気がつけばそろそろコロラドに引っ越してきてから1年が過ぎようとしています。
そしてこの8月でアメリカに来てから5年になります。
まだ5年しか経っていないのかーというのが正直な心境です。
なんかもう10年くらいいるような気がするんですよね。
それはそれだけこの5年間の内容が濃かったということだった、ということで納得しています。
アメリカに来てから、ありきたりな言葉ですが、随分色々なことを学びました。
学んだ分自分は成長したのか、というと首を傾げたくなりますが、まあこれから頑張る、ということでいいかなと思います。
アメリカに来た当初は、アメリカで仕事をして頑張っている日本人をみて、雲の上のようなまなざしで見ていました。
英語がまったくできなくて、人と話すのが怖くて、でも日本人と会うのも妥協したようでいやだったので、人間自体と全く会わないなんていう時期も随分ありました。
それでも、時間が経つにつれて、英語もできるようになってきて、見方も随分変わりました。
いつのころからか、自分もこっちで働く、と強く思うようになり、第一歩としてインターンシップを無理やり見つけました。
あまり自分の中にこれといったポリシーというものがない人ですが、
それでも仕事をする上で、一つ決めていることがあります。
それは「どんなに理不尽なことを言われても絶対にNoと言わない」ということです。
働く上で当たり前といえば当たり前のことかもしれませんが・・・。
そして不思議なもので、これは無理かなーと思ったことも結果的にできているわけです。
コミュニティカレッジで働いている時の自分の上司も同じことを言っていました。
そういうわけだから、英語に全く自信がないのに、電話調査プロジェクトを担当してくれといった時も僕はYesといいました。
そうはいったものの、いざとなると電話をかけるのが怖くて、手が震えてきたのですが、思い切ってかけてみたら結構うまくいきました。結局150人くらいの人に電話をかけることになりました。これは自信になりました。
あとは、自分の職場主催で行われたカンファレンスの筆記をやってくれといわれた時も、二つ返事でYesといいました。約1日半、ひたすら耳をすましてノートパソコンを打ってました。はっきりいって何を言っているのかさっぱりわからなくって途中でかなり絶望的な気持ちに教われましたが、でも落ち着けば結構わかってきて、何とか乗り切りることができました。これも自信になりました。
内容は変われど、このような自分の臆病心を試すようなことは今でも日常茶飯事なわけですが、ここにきて思うのは、「何とか乗り切る」ということが非常に大事なんだということです。どのような形であれ、乗り切れば、それは自分の実績として残り、それは自信になっていくわけです。またできることだけをしていたら自分の成長はなくて、できないことに挑戦するから自分が成長するんだと心から思います。

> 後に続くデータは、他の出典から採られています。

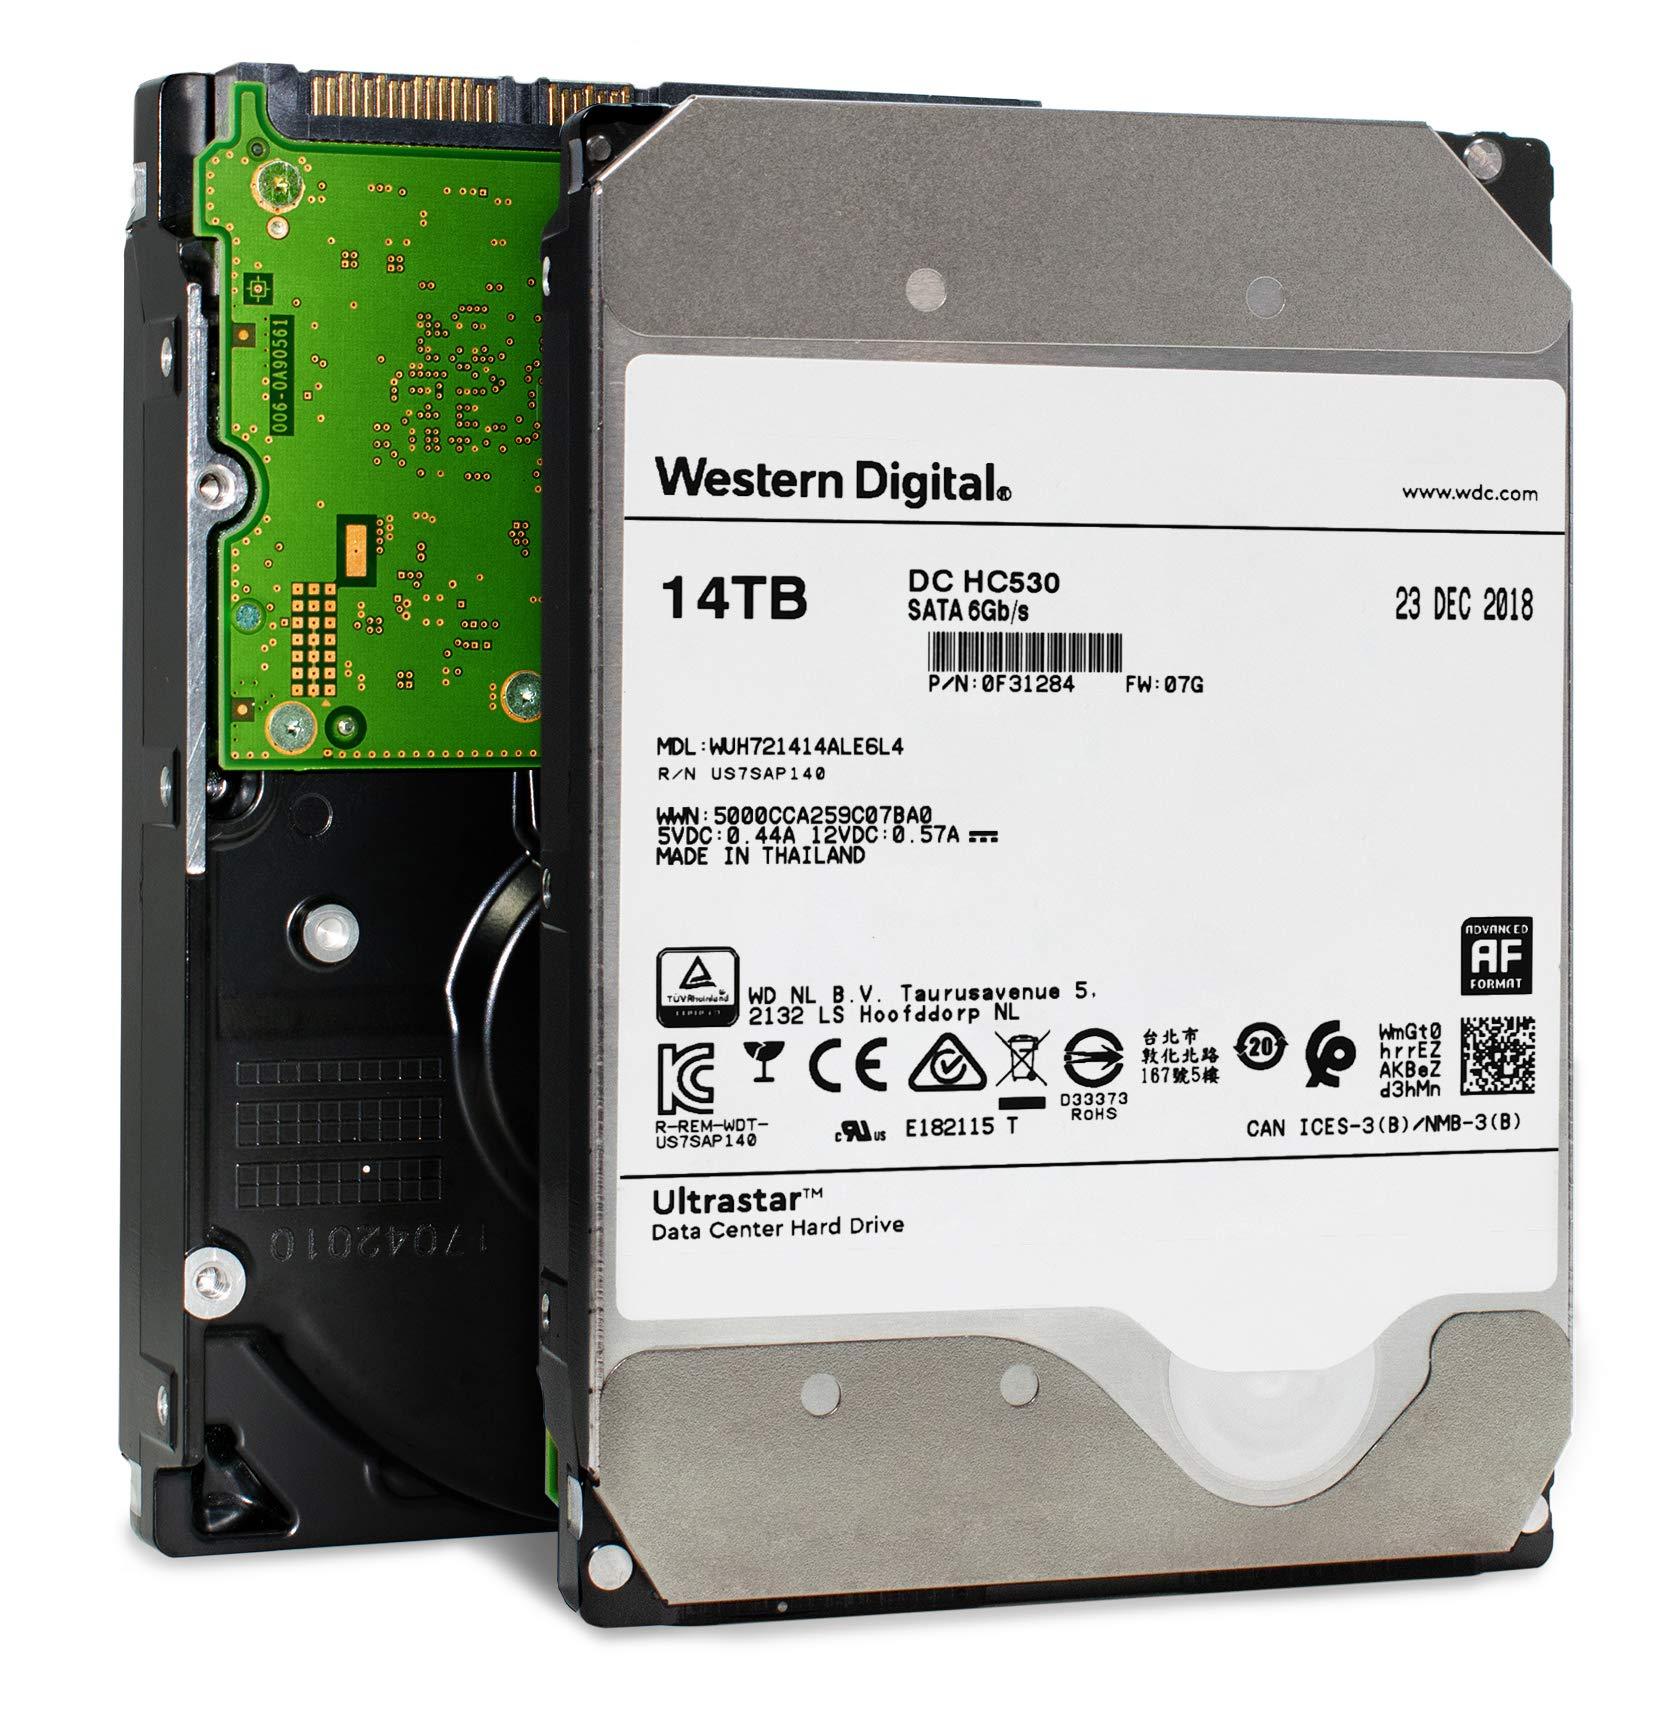 Western Digital 14TB Ultrastar DC HC530 SATA HDD - 7200 RPM Class, SATA 6 Gb/s, 512MB Cache, 3.5'' - WUH721414ALE6L4

しかし一方、できないことに挑戦して、途中で挫折する、というのは意味はありません。
結果を達成するのと、達成できないのとでは、10と0くらいの違いがあります。
円を描く時、最初の点と最後の点が結びつかなければ、99%まで描こうとも、それが決して円にはならないように、やり遂げる、ということは大事だと思います。そしてそれは乗り切れば、不恰好であってもそれは円になるわけです。どんなに不恰好な円だとして立派な円であり、それは完結していないうねった線より断然綺麗です。そしてさらに自分が苦労して描いた円は、自分の無形の財産として残っていきます。まだまだ若いので偉そうなことはいえませんが、人生とはどれだけ多くの円を苦労しながら描いていけるか、でその価値が決まるように思います。
今こうしてアメリカで仕事をしています。
実際働いてみると、昔自分の中で勝手に思い描いていたほどそこまで大それたものでもなく、職場がただ全て英語である、ということくらいしか特別なことはありません(それも日本から見ればということですが・・・)。
人間一つの目標を達成すると、そこに安住してしまう人がいます。
その目標自体たいした事ないのに、自分は大したものだと思ってしまうんですね。
自分はそうでありたくない、と思います。
常に上を見続けていきたいと思うわけです。
たまには振り返ることも必要かなと思い、いつもとは違ったことを書きました。
なんか青二才っぽいことを書いてますが、実際そうなので、その辺はご容赦お願いします。